Grüner Schlussverkauf

Cartoon: Rainer Hachfeld


Sale! Alles muss raus! Ausverkauf wegen Geschäftsaufgabe! Dieses oder Ähnliches künden allerorten Schilder in den Innenstädten und Einzelhandelszentren. So könnte es auch vor der Bundesgeschäftsstelle der Grünen in Berlin prangen, denn die Partei trennt sich derzeit von den letzten Resten ihrer Glaubwürdigkeit, leert die Archive des Aufbruchs und verramscht Überzeugungen, Prinzipien sowie die Inhalte einer inzwischen verleugneten Vergangenheit. Schnäppchen sind dabei allerdings nicht zu machen, denn nach den sogenannten grün-gelb-roten Koalitionsgesprächen blieben nur noch Scherben und Fetzen übrig. Robert Habeck & Co werden von ihren „Regierungspartnern“ zunehmend der Lächerlichkeit preisgegeben.


Das Klima kann warten


Nach den Marathonverhandlungen, die den Kurs der Republik in eine ökologisch und sozial verträglichere Zukunft weisen sollten, schrieb Alexander Neubacher, gewöhnlich ein unheilbarer Marktoptimist, im SPIEGEL: „Und in der Ampelregierung stehen Klimaschutzminister Robert Habeck und die Grünen da wie gerupfte Hühner.“ Tendenziell richtig beobachtet, allerdings haben die VertreterInnen, anders als das Federvieh, nicht versucht, sich der Zwangsentblößung durch Schnabelhiebe oder Flucht quer über den Hof zu entziehen, sondern nur gegackert.

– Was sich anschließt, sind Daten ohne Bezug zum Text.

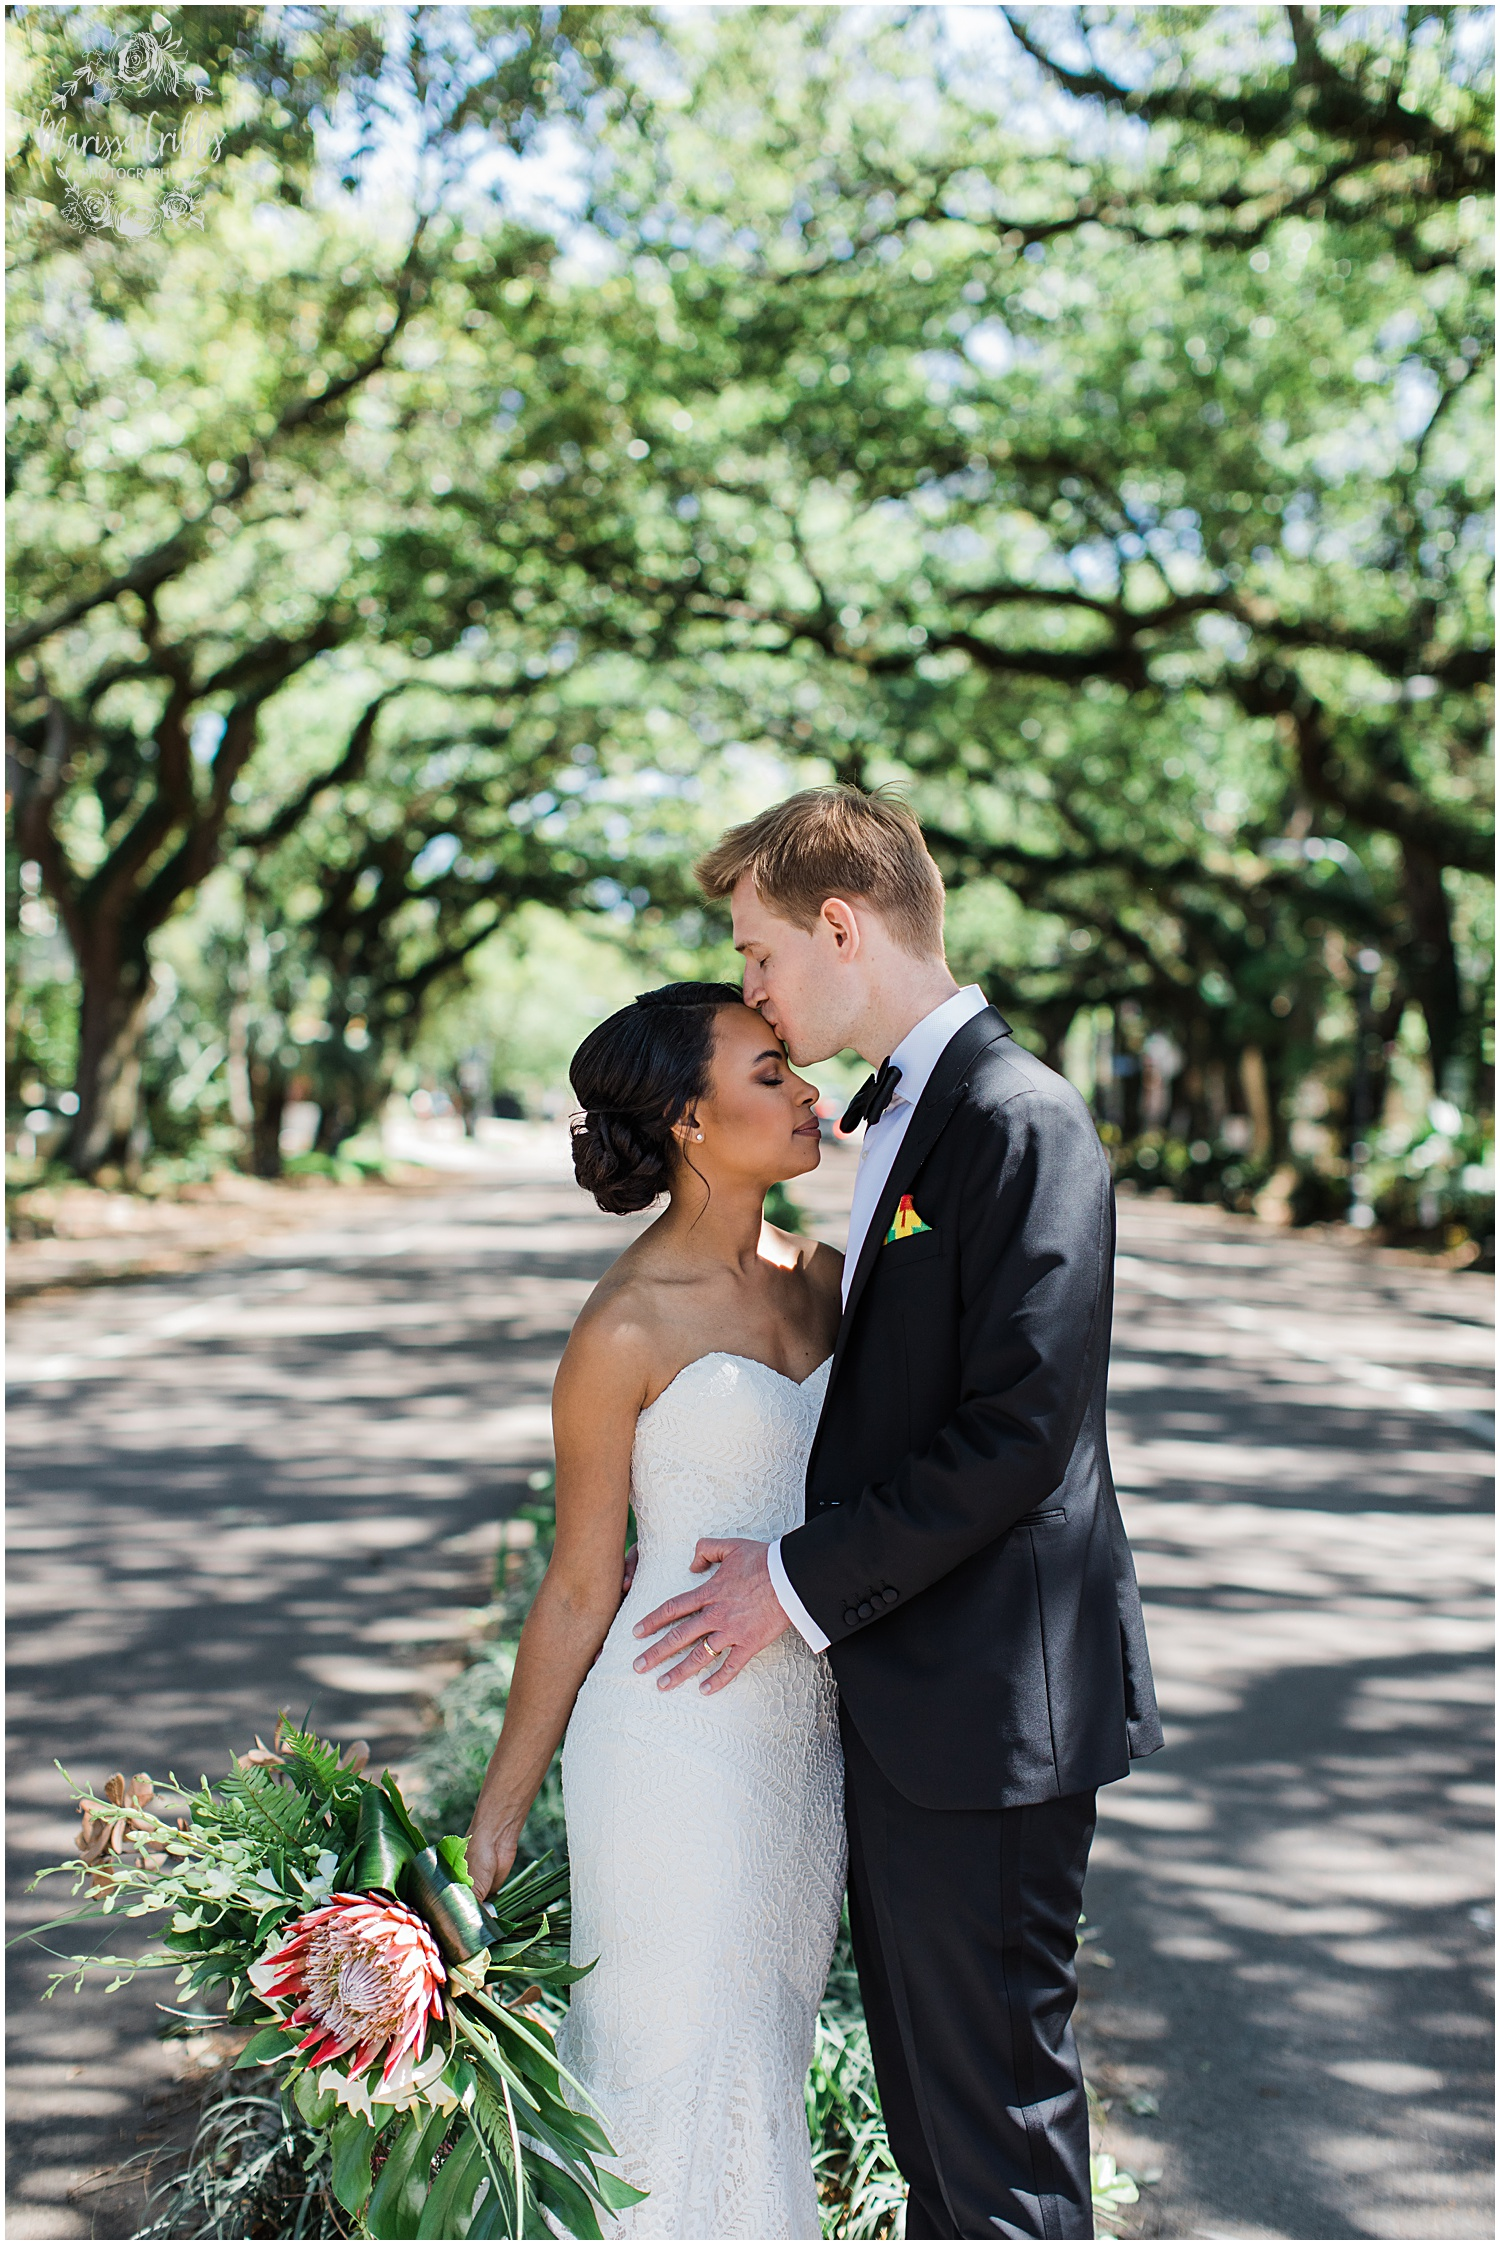 NEW ORLEANS WEDDING   BENACHI HOUSE   SARAH & MICHAEL   MARISSA CRIBBS PHOTOGRAPHY_4424.jpg

Wie die FAZ berichtete, hatten Kanzler Scholz und Wirtschaftsminister Lindner mit offensichtlich abgesprochenen Impulsreferaten zu Beginn den „ergebnisoffenen“ Gesprächen die Richtung gewiesen und die Grünen überrumpelt. Und diese begaben sich – zwar ungern, aber letztendlich gehorsam – auf den langen Marsch zurück in eine Umweltpolitik, die lediglich kosmetische Akzente setzt und so eine Feigenblattfunktion erfüllt, statt den ökologischen Wandel durch systemische Änderungen einzuleiten.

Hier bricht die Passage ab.